Monday, August 4, 2014


When we refer to a “Jekyll and Hyde” personality, everyone knows what we mean.  The impact of this book is immeasurable, and it’s more of a novella in length.  I’ve just read it for the first time, as sort of a companion piece to Nancy Horan’s Under the Wide and Starry Sky about Robert Louis Stevenson and his wife Fanny.  I have no idea how historically accurate Horan’s novel is, but in her book Stevenson rips up the original manuscript and completely reworks this novel to incorporate his wife’s suggestions.  Stevenson tells the tale with 3 narrators, the last of which is Jekyll himself.  What I found most telling about this last narrative is that Dr. Jekyll does not really consider himself a good man.  In fact, he much prefers being the cruel but freer Mr. Hyde, who has no conscience and no concern for the well-being of others.  As Dr. Jekyll he has to bury (and “hyde”) his baser desires and sees this effort as a sort of bondage to convention.  In other words, Jekyll comes off as a sociopath who chooses to act like a person with real empathy for his fellow human beings, even though in reality he has none.  As Mr.
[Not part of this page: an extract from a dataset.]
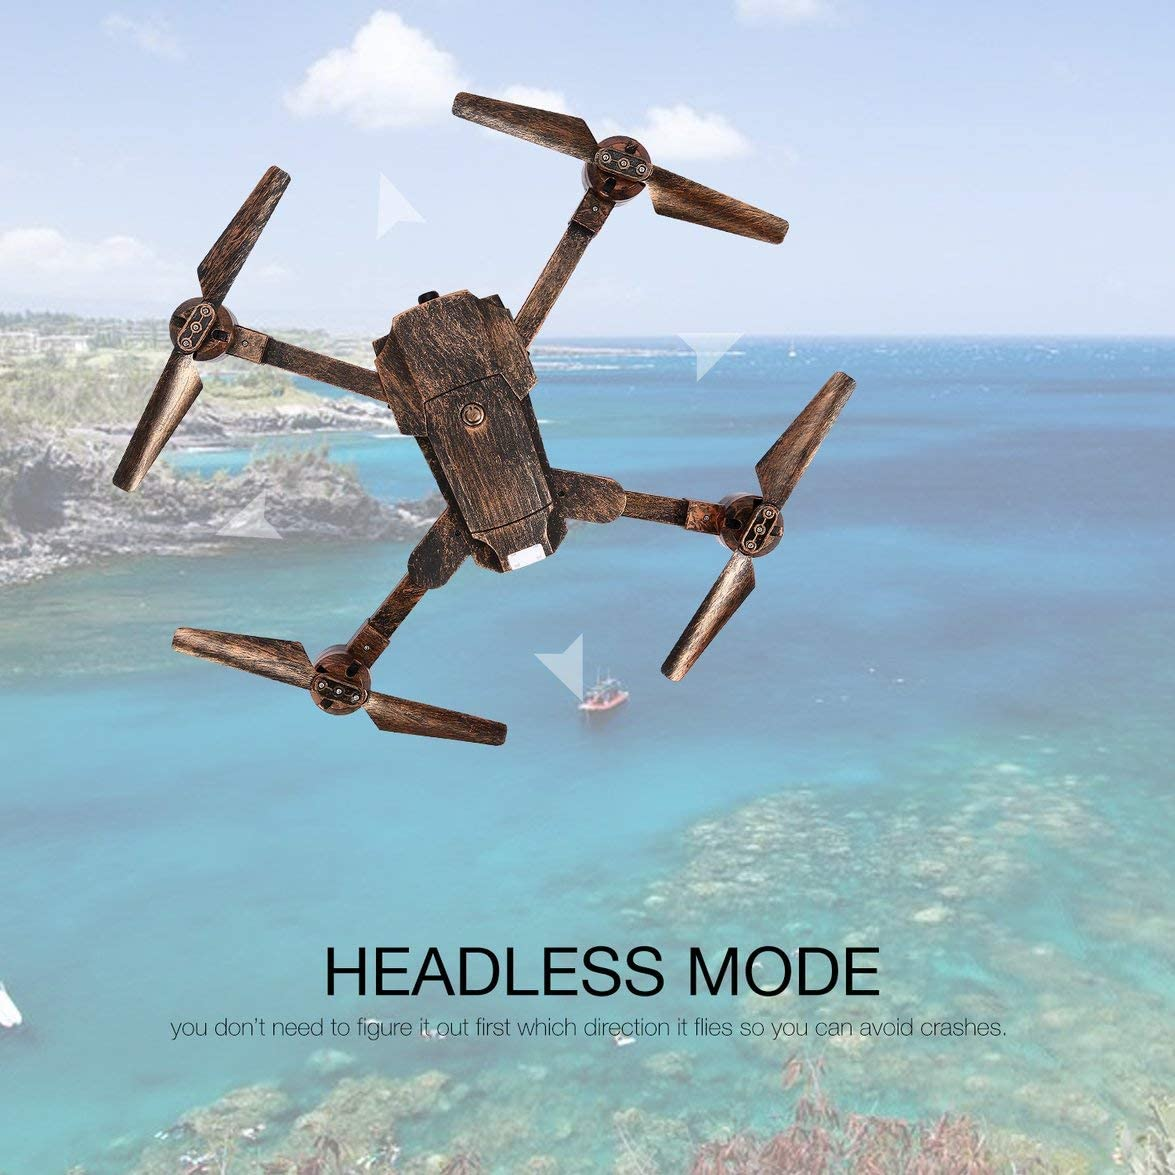 Kongqiabona Attop X-PACK1 2.4 G Drone 720P HD WiFi Cámara de Gran Angular Live Video FPV RC Quadcopter Plegable con retención de altitud sin Cabeza: Amazon.es: Hogar
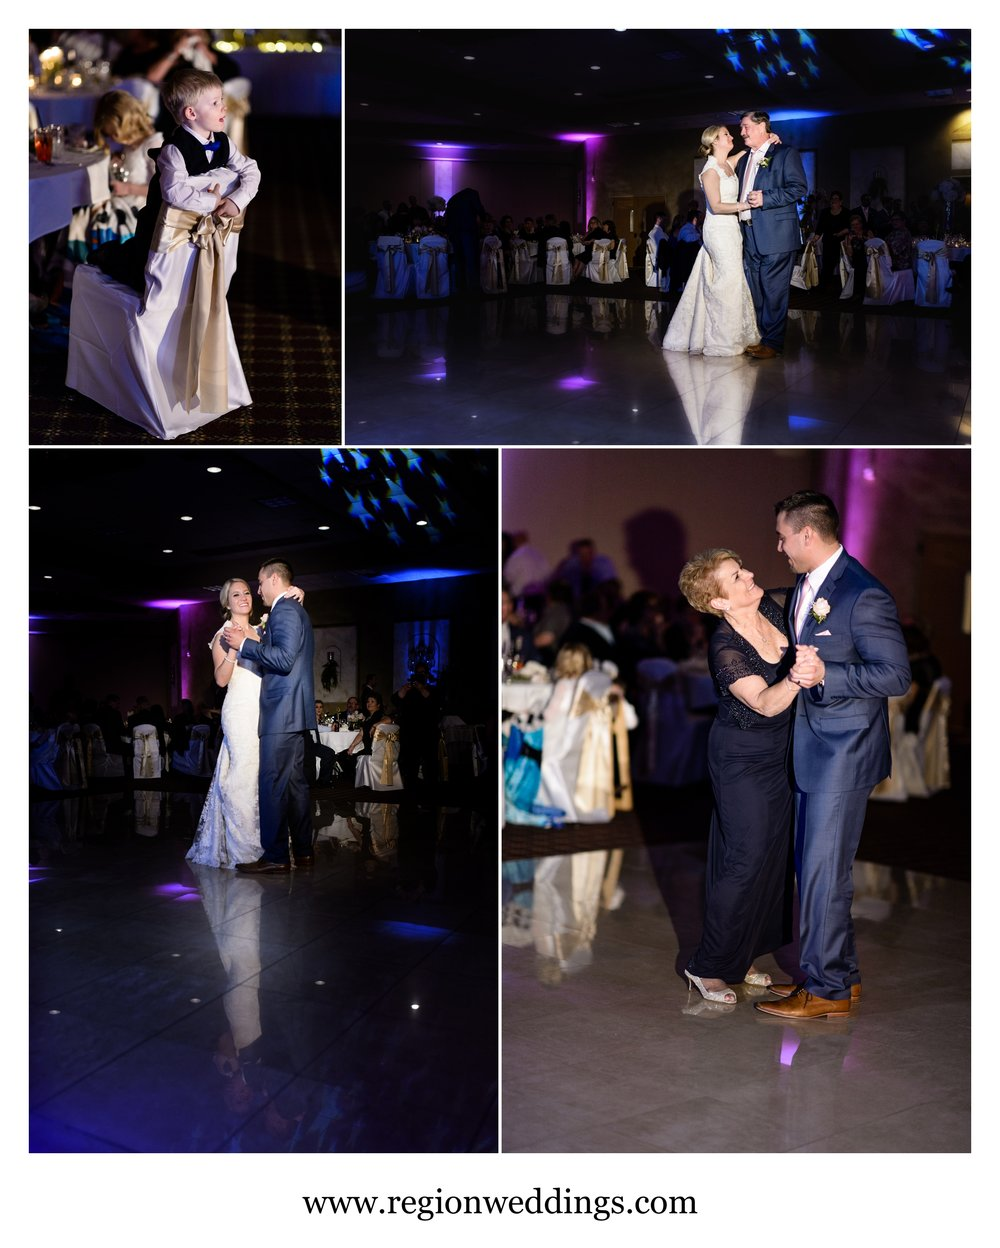 First dances at Villa Cesare in Schererville, Indiana.

Hyde, he undergoes a sort of hypnosis, and hypnotists tell us that they cannot override our consciences.   Stevenson chooses not to challenge our trust that a truly good person cannot be persuaded to do evil deeds.  I couldn’t help wondering, if the character enjoys being Hyde so much, how he motivates himself to revert to his Jekyll persona.  Since his physical appearance changes, I suppose he has to become Jekyll to avoid being captured by the police for his actions as Hyde.  Anyway, I can think of all sorts of alternate scenarios, such as Hyde being in jail for his evil deeds and asking his attorney to bring him the potion that will restore Dr. Jekyll.  It’s no wonder this iconic book has spawned TV shows, movies, and other novels that put a different slant on this timeless and intriguing story.